Can investment grade be a safe harbour in stormy markets?
So far 2022 has been a remarkable year and one that brings back memories from over a decade ago. Clearly we are in a totally different world now, and the reason for credit spread widening is not because of the collapse of the entire financial system, but if we look at June so far then it’s impossible not to think back to 2008/2009! ABS is not unique in that sense, with XOVER starting the month at 437 (already almost 200bps wider than on the first of January), and currently trading close to a post-COVID peak at 566, we can’t ignore the relentless sell off and very high volatility. In the European ABS market there is no place where this is as visible as in BB rated CLOs, one of the highest Beta products in the ABS market.
When I look back to the start of the year, which feels like a lifetime ago, coming out of the COVID pandemic, BB Euro CLOs were trading at an effective yield of 6.2%. But then Russia invaded Ukraine, inflation started running out of control and now a recession seems to be on the cards in the next 6 to 12 months. So, as risk sentiment turned, spreads started to widen in all markets and BB CLOs widened to 950-1000bps.
At the same time we have seen the Fed and BoE hike rates and the ECB signalling a hike in July and further hikes in September, so rate products have sold off as a consequence. CLOs are floating rate products, so “why are rate moves important” I hear you ask… It’s important as, although prices have not moved because of rate volatility, the all-in expected yield for holding a BB rated CLO has now materially increased. While current income is determined by where Euribor is today, one should not forget that these are roughly 7 year long bonds and that during the life of these bonds the coupon will increase as the ECB hikes to tackle high inflation. For a 7 year Euribor linked bond, the swap-rate vs Euribor is now worth 2.2% and that means that the effective yield on European BB-rated CLOs has now increased from 6.2% in January to 11.9% today, which, in our view, stacks up quite nicely to the Euro HY index at just south of 7% yield.

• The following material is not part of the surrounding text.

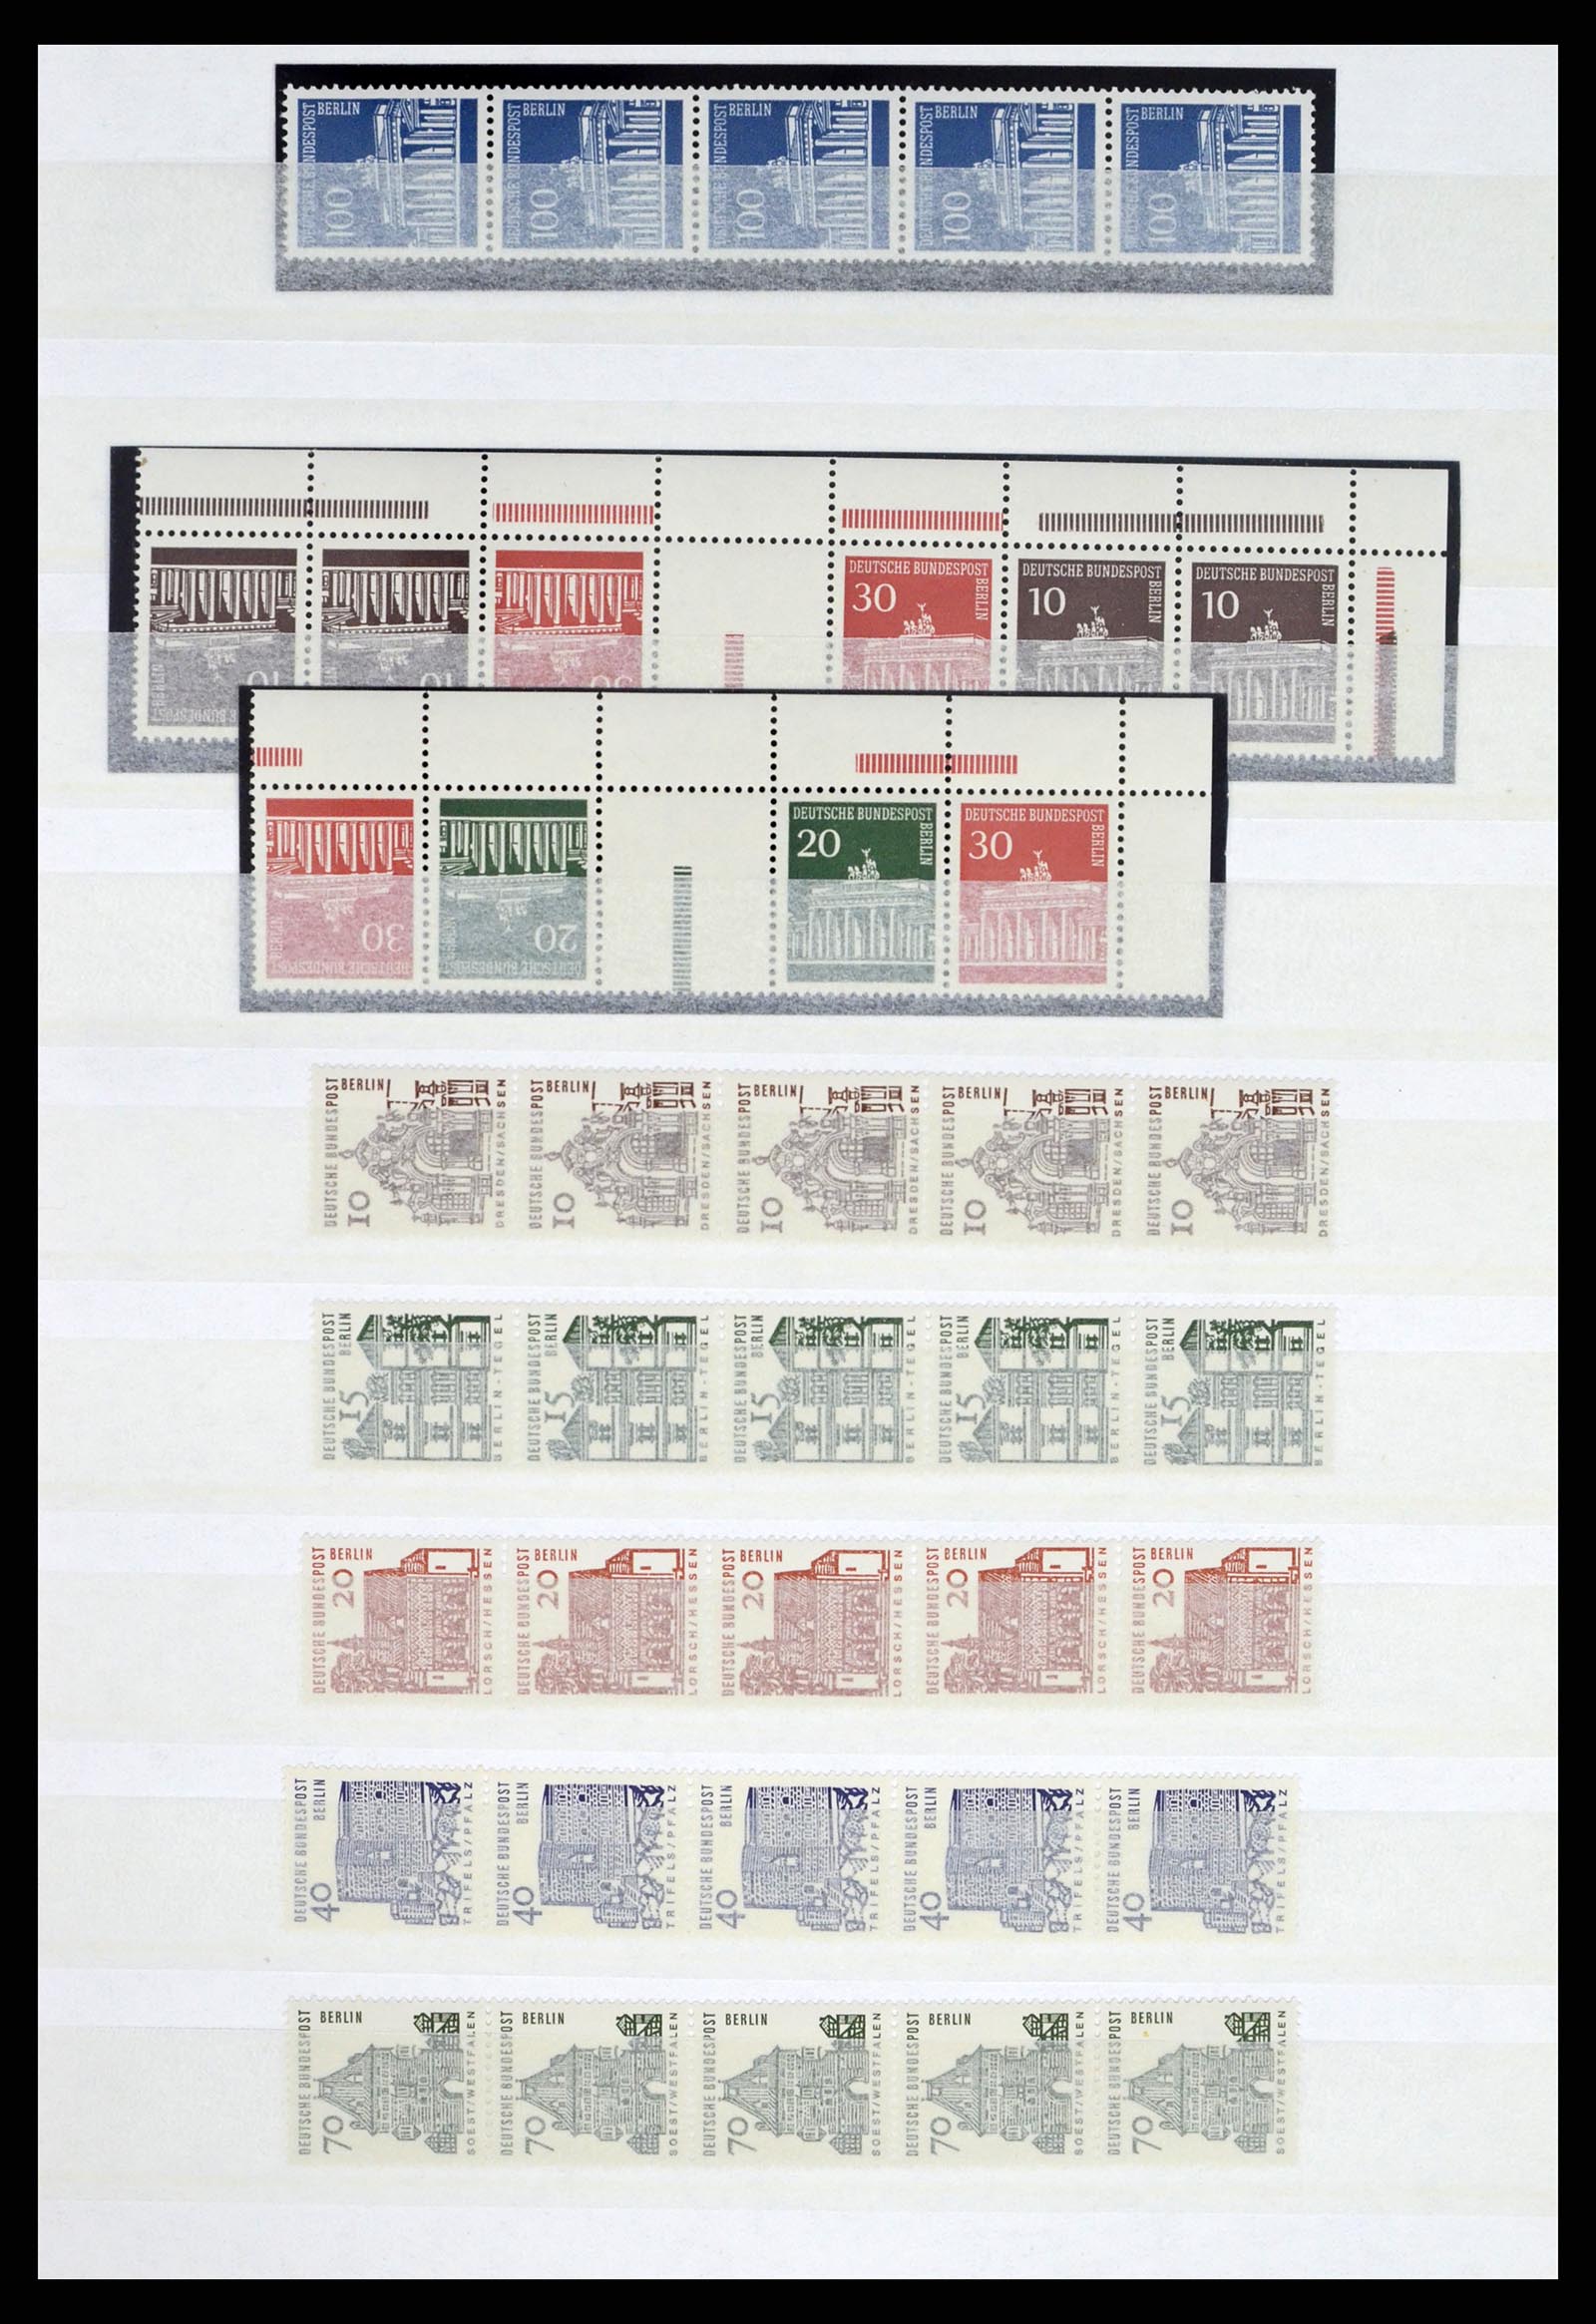 37354 096 - Stamp collection 37354 Bundespost and Berlin 1955-2000.

That is a yield number that we have not seen since the first weeks of the COVID-pandemic and in general a yield difficult to buy since the GFC and Peripheral crisis in 2011/2012. At the start of the first COVID lock-down, liquidity was virtually non-existent and CLO BBs were briefly trading at around 15% yield at a cash price in the 60s. But what we can see from the graph below is that yields don’t tend to be this high for very long, as we have experienced in 2016 and 2020. In those years it was difficult to buy bonds in bigger sizes, but today that’s a different story, there are still CLO Managers looking to price new deals before the summer (we can count at least 6), and there is a fairly active secondary market, albeit at wider bid-offers. This secondary market is mostly dominated by BWIC activity (public client to client auctions) as dealers are less willing to deploy balance sheets than they have done historically. Last week, according to JP Morgan data, there were more than €500m of CLOs up for the bid, which is high compared to the €285m weekly average for this year. As such, we are seeing bonds change hands in decent sizes.
BB CLOs are now trading at a cash price of 75 to 85 cents and from what we have heard the main sellers have been credit funds that are funding outflows. But if you realise that BBs can withstand GFC-like scenarios and cumulative loan defaults of 35-40% then it’s not hard to see why hedge funds are the main buyers at the moment, especially if you consider the uncertainty around CLO equity scenarios and yields. We often get the question if spreads can gap out further on bad news, and of course they can, especially if you also consider the pipeline of primary deals, it is impossible to pick the bottom. At these yields the 1 year forward break-even yield is at the previous peak of 15% yield, so that is starting to look compelling and at these levels I can see renewed interest growing over the summer.